Antibiotics Do Not Impact Chemo-Immunotherapy Outcomes in NSCLC
Immunotherapy with immune checkpoint inhibitors (ICIs), either alone or in combination with chemotherapy, is now the established standard of care in the management of advanced non-small cell lung cancer (NSCLC). However, the diversity of the gut microbiome has emerged as a critical determinant of the efficacy of ICIs. Although not definitively proven, mechanistic and epidemiological evidence suggests that prior antibiotic exposure may impact outcomes in patients treated with ICI monotherapy. In addition, recent data indicate that fecal transplantation can reverse immunotherapy resistance in patients with melanoma. This finding further supports the role of a healthy gut microbiome for ICI efficacy. In contrast, there does not appear to be a link between the efficacy of chemotherapy and antibiotic (ATB) use.

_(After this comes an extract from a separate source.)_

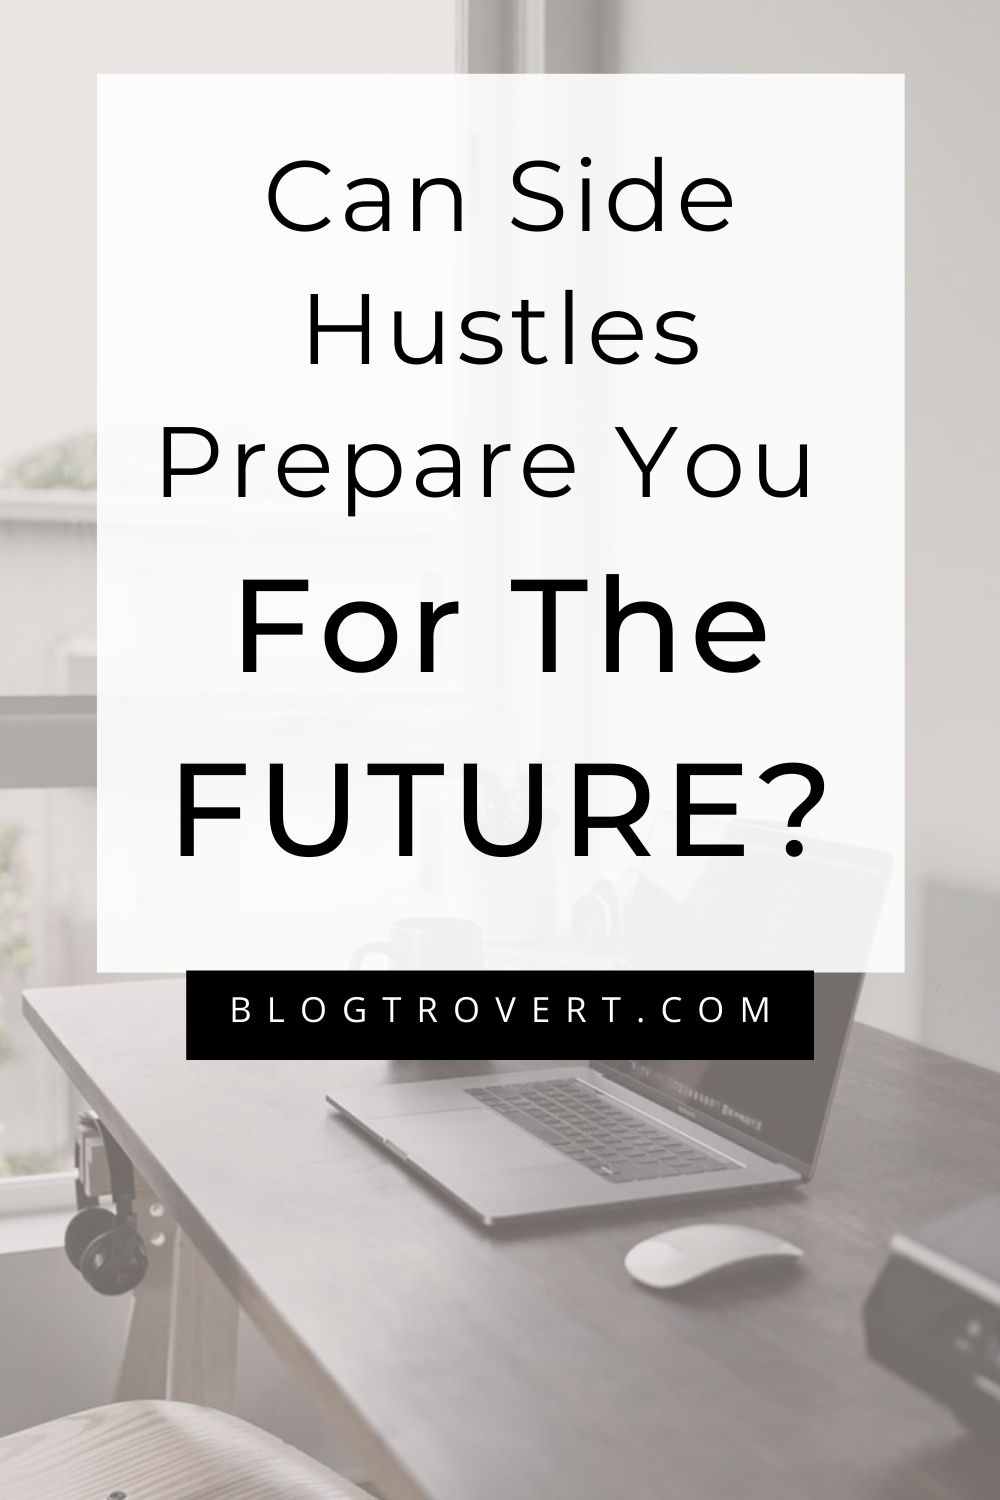 Find your future with side hustles

A recently published retrospective international study examined if antibiotic (ATB) exposure impacts the efficacy of first-line combination of chemotherapy and immunotherapy in patients with advanced NSCLC. The researchers included 302 patients, treated in eight institutions over 6 years. They evaluated the association between previous antibiotic exposure (pATB) or concurrent antibiotic exposure (cATB) and overall survival (OS), progression-free survival (PFS), and objective response rate (ORR). Among the 302 patients with stage IV NSCLC, 47 (15.6%) had received pATB, and 117 (38.7%) received cATB. At chemo-immunotherapy initiation, there were no significant differences in clinicopathologic and molecular characteristics of patients in the pATB group compared with the non pATB group, except for a higher proportion of patients with ECOG performance status (PS) ≥2 in the pATB group (27.7% vs. 8.6%, P=0.0002). There were no statistically significant differences in OS and PFS between the pATB and non-pATB groups. The median OS of patients in the pATB group was 11.2 months and in the non-pATB group 16.6 months (P = 0.0503), while the median PFS was 5.6 months in the pATB group and 6.3 months in the non-pATB group (P=0.2626). Multivariate analysis showed that patients with pATB exposure have similar OS and PFS compared with unexposed patients, regardless of ECOG PS. Similarly, no difference in ORR was found across pATB exposure groups (42.6% vs. 57.4%; P=0.1794). In addition, results of multivariate analysis confirmed that cATB was not associated with an increased risk of progression (HR 1.29; P=0.092) or death (HR 1.30; P=0.125). However, receipt of cATB was associated with smoking status, indicating that active smokers were more susceptible to infections.
This is the first study to evaluate and show no association between ATB exposure and first-line chemo-immunotherapy efficacy in patients with advanced NSCLC. In their discussion, the authors propose that the synergistic interaction between ICIs and chemotherapy may compensate for detrimental ATB effects. Thus, pATB status could be integrated into the treatment decision-making process. For example, in patients with high PD-L1-positive advanced NSCLC and pATB exposure, a combination of ICI and chemotherapy should be considered as first-line therapy rather than a single-agent ICI. Another important finding for practice from this study is that cATB use does not impact clinical outcomes of NSCLC patients on chemo-immunotherapy. This is reassuring, as antibiotics are often prescribed prophylactically for chemotherapy-induced neutropenia and for treatment of febrile neutropenia. The authors acknowledge the limitations of this retrospective analysis and call for future research to further explore the stratification potential for pATB status and the interplay between gut microbiome diversity, systemic antibiotics, and chemotherapy-enhanced anticancer immunity.
Reference:
Cortellini A, et al. Annals of Oncology 2021; Aug 13 [Online ahead of print].